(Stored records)
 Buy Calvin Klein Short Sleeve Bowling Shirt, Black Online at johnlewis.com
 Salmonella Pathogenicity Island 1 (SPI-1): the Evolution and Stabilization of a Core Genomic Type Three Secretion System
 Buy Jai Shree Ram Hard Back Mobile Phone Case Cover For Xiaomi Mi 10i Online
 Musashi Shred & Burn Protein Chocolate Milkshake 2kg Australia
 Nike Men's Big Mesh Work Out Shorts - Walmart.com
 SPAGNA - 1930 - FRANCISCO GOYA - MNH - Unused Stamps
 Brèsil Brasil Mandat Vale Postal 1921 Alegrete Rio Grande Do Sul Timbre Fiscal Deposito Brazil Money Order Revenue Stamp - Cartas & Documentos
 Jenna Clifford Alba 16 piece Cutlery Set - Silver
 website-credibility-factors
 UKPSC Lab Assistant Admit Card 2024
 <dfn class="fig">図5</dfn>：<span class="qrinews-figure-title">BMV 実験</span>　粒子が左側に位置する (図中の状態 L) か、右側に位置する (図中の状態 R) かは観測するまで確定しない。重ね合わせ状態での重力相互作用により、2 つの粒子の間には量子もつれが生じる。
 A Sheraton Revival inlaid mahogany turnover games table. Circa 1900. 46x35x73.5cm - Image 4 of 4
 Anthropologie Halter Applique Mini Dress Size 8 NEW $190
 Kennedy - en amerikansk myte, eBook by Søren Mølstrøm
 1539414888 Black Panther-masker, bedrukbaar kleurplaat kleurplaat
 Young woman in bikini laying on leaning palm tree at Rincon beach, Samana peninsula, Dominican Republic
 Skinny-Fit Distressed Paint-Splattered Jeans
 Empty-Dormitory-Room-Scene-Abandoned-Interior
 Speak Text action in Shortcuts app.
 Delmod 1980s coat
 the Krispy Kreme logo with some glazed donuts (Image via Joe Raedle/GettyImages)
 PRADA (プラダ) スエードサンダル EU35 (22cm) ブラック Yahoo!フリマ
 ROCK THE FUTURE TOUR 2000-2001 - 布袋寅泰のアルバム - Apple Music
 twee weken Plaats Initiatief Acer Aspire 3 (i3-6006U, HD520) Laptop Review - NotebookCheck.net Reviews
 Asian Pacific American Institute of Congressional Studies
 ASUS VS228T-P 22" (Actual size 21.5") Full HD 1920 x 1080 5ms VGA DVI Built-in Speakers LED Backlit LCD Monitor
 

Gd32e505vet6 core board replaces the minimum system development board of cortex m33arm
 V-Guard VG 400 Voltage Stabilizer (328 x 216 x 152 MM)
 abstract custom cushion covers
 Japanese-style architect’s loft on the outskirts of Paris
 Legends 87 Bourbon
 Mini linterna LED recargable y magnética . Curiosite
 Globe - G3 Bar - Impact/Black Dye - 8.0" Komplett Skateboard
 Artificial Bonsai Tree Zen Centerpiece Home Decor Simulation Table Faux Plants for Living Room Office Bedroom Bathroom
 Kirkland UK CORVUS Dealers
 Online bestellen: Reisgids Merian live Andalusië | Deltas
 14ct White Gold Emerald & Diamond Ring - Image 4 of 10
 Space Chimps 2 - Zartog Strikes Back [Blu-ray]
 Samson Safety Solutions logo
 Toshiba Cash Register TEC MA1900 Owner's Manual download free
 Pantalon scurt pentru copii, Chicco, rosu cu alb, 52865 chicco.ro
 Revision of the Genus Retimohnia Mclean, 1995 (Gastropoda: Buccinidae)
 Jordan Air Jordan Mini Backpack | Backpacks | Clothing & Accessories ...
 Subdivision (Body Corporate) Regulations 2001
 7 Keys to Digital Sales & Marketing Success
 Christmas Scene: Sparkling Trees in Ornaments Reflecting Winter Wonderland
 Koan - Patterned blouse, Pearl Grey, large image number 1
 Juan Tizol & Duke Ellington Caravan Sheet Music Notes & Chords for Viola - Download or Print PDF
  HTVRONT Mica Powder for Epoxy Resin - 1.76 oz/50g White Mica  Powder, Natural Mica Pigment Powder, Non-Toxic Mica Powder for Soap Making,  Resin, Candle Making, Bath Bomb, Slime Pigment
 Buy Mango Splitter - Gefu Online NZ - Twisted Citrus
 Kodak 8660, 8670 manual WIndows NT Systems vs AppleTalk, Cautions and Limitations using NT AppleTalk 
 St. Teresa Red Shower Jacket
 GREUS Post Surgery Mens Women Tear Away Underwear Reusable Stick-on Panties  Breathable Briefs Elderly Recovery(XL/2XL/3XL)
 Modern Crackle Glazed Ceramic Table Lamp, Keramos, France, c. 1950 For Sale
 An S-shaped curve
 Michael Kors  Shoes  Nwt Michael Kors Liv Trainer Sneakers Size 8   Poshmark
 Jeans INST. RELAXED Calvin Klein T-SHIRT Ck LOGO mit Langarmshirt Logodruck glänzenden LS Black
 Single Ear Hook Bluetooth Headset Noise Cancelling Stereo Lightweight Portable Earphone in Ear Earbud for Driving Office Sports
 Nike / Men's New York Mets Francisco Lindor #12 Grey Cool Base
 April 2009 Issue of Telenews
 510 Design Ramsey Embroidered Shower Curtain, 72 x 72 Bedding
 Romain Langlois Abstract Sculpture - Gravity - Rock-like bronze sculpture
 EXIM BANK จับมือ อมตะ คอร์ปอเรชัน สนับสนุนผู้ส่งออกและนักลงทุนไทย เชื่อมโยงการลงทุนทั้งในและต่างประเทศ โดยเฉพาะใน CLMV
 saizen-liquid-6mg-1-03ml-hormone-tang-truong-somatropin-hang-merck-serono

(Work instructions): Your answer must be a single number: the count of lines in the records that hold the word "Black".

(Written answer): 4